You and everyone can all go to hell. I don’t give a crap anymore.

I am officially numb to everything. I don’t care if things get better and I am not going to have any hopes about it anymore.

Just…I don’t care. I am tired of caring and I give up now. Here’s my resignation. And there ends my goddamn pathetic rant.

Goddamnit.

Sincerely,

A random speck in the universe.

4 thoughts on “Dear Lord, God…the universe. I’m fed up. Go to hell.

  1. Kinda ironic how people don’t believe in God but then the moment something goes wrong, they blame God. I guess He’s only there for convenience.
    I’m sorry she moved on. I’m sorry you didn’t. That’s life and it sucks. You’re at the age that you can get married and you are going through it. I’m friggin 15 and I’m going through it. And I know it’ll just get harder from here. I can’t blame the girl for getting someone that looks like you tho. I mean people have types. Types in both looks and personality. Wouldn’t be surprised if my (future) boyfriend had a super white ex with hazel eyes. I can’t help that I the guys I’ve liked are tall and black or Latino. Just depends on the person’s type y’know.
    But yeah, I hope things go better for you. I hope you love again.

    Liked by 1 person

    1. Hey Isa 🙂 Just to clarify a few things;

      I was cheated on and was in an emotionally abusive relationship. Her parents too didn’t approve of the way she treated me all while I was there for her; they doted on me actually.

      And I don’t blame god. I still believe him and I know he has a plan that I am still yet to fully comprehend. Ours isn’t a relationship based on convenience. (Have updated the article to reflect that clearly)

      This was just to voice my disappointment in the way things transpired because it just didn’t sit right with me that she put me through hell only to get her happy ending immediatly. So…where’s mine? Was any of this fair? I don’t understand…

      I am only angry at the universe and blame no one but myself for what happened. That too isn’t right but that’s the phase I am in now. And I wanted to voice that anger out when it was fresh because I just wish I knew or understood what was going on. Where is all of this leading to? – was my question.

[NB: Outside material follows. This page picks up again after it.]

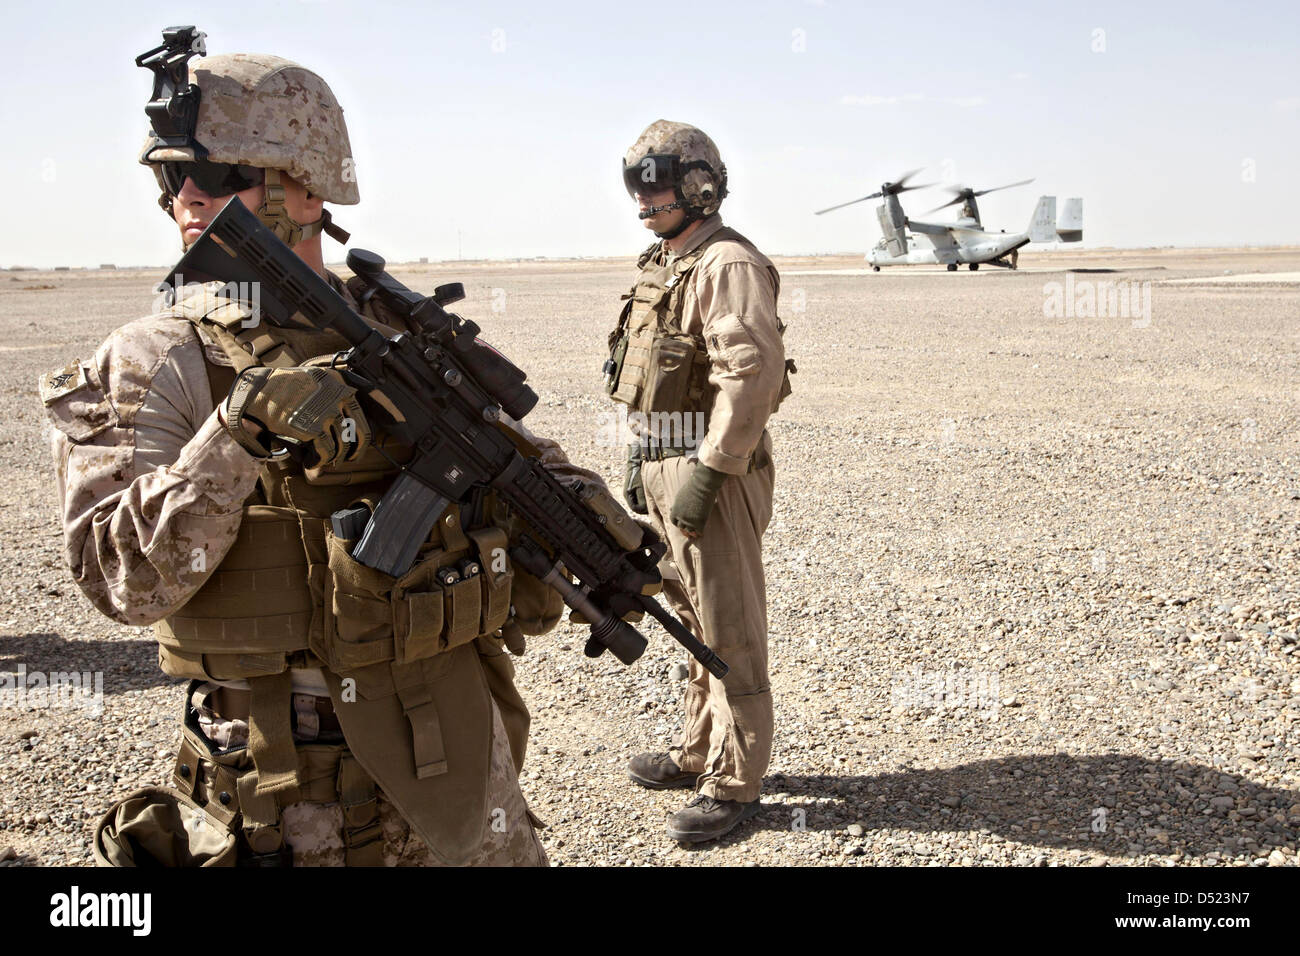 US Marines prepare to board an MV-22 Osprey helicopter March 16, 2013 at Camp Dwyer, Helmand Province, Afghanistan. Stock Photo
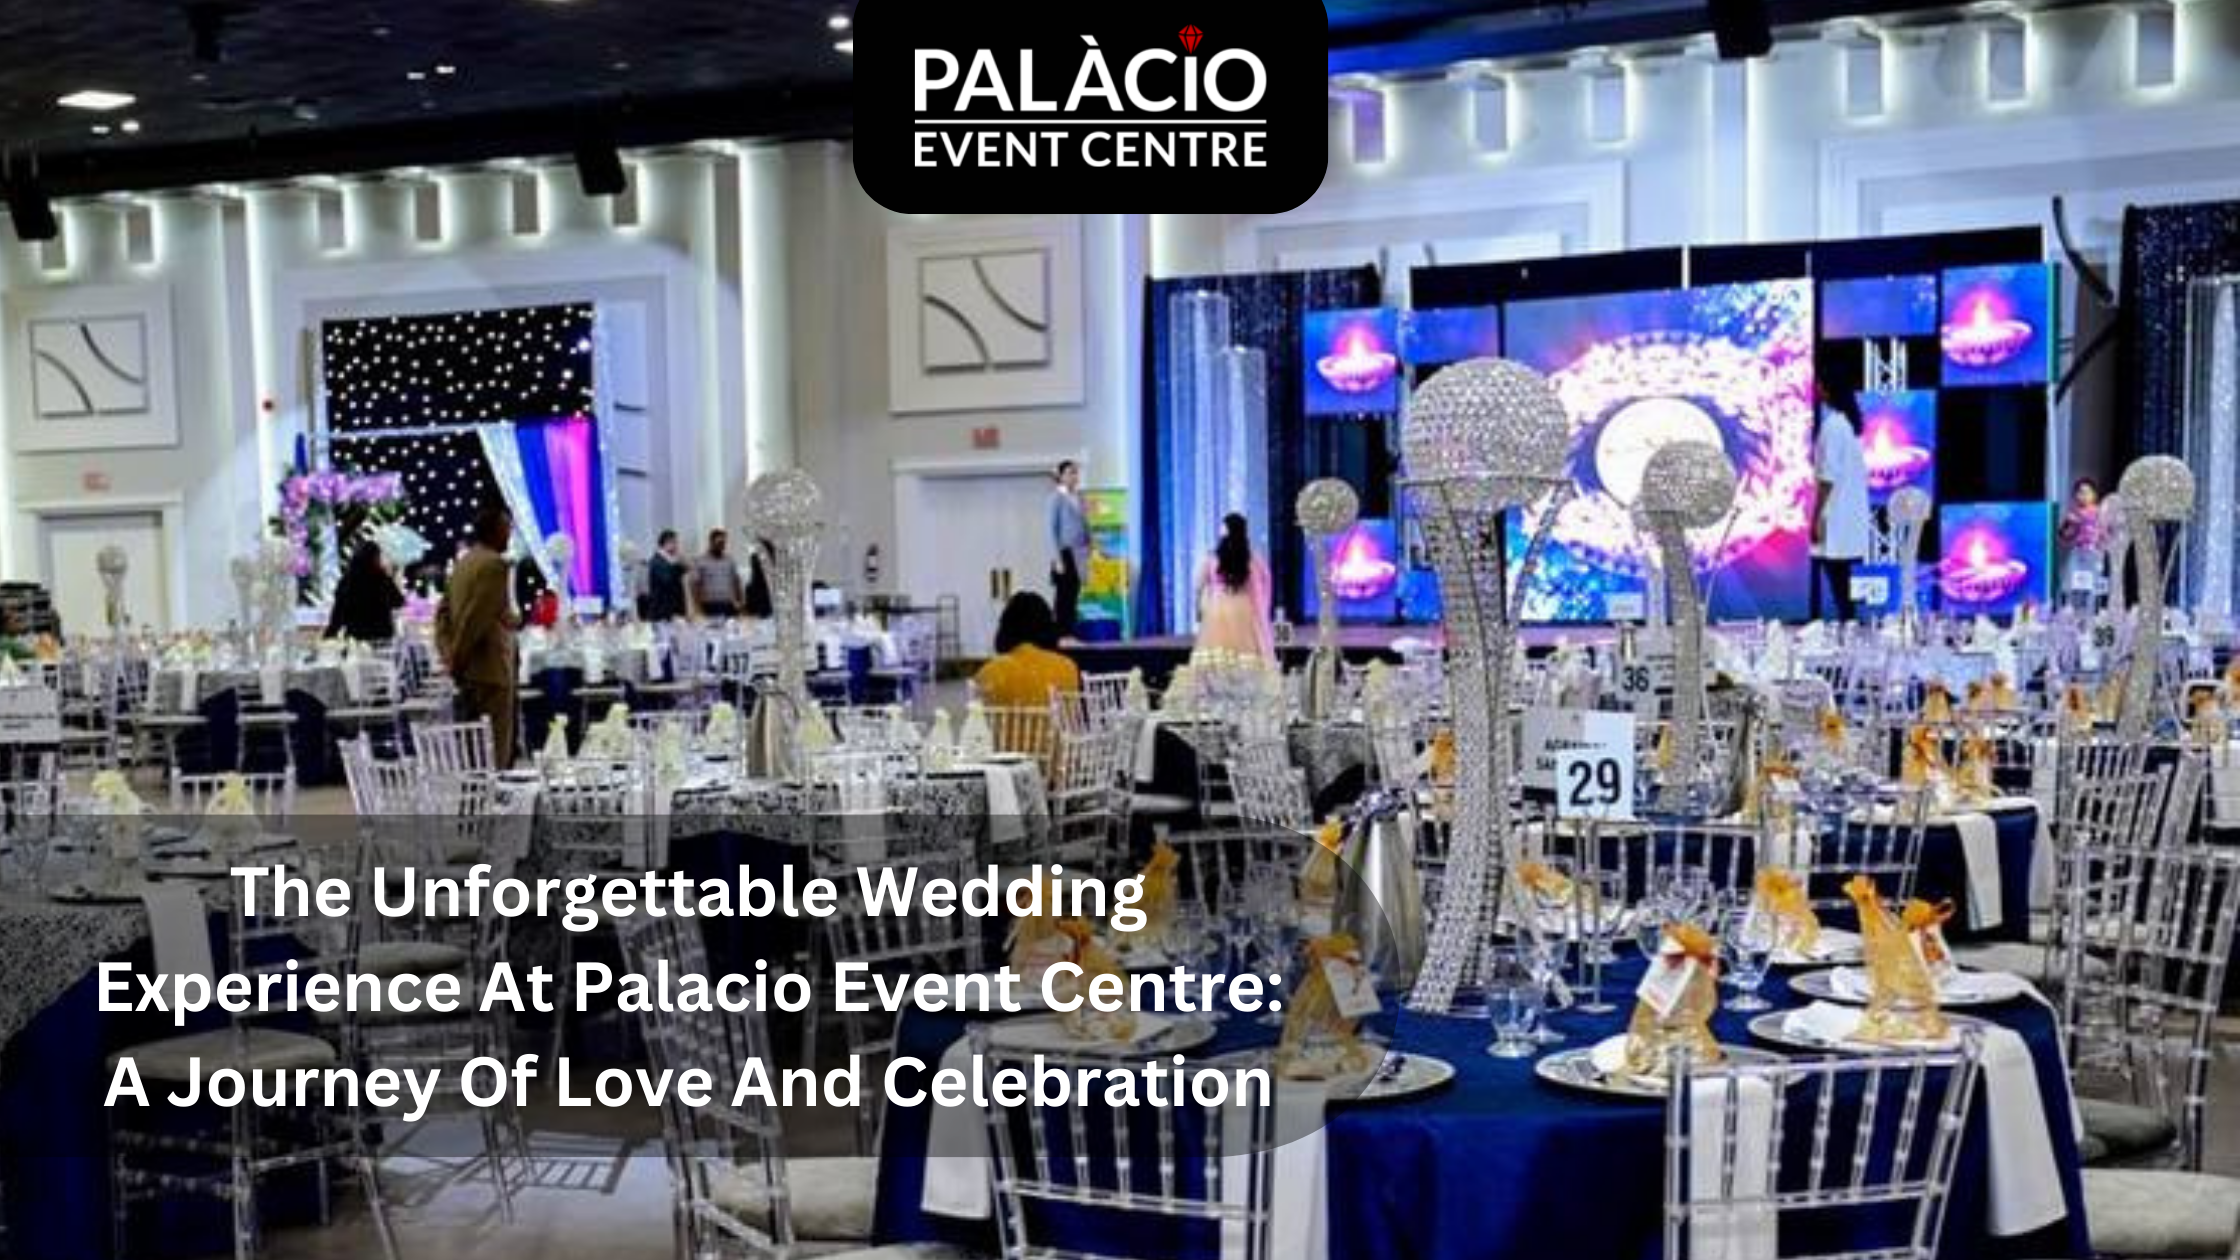 Unforgettable Wedding Experience At Palacio Event Centre

      Deep down I do hope things get better… I do hope I love again. I don’t know though….

      But right now at this moment, only I care about how much I’ve been hurt. She’ll never know or care about what she put me through. And I just have to learn to live with it. I didn’t expect..that this is where I’d be after my story because we were college sweethearts.

      I just want to move on and grow up now.

      So yeah, that’s about it for now.

      Thanks for taking time to comment though 🙂 My wish is for all of us to find the people we are meant to be so that we can live in a much better world. It’s in our hands to make this place beautiful.

      Hopefully, god’s plan will make sense to me in time…and when it does I will thank him. But until then…this is how it is for now.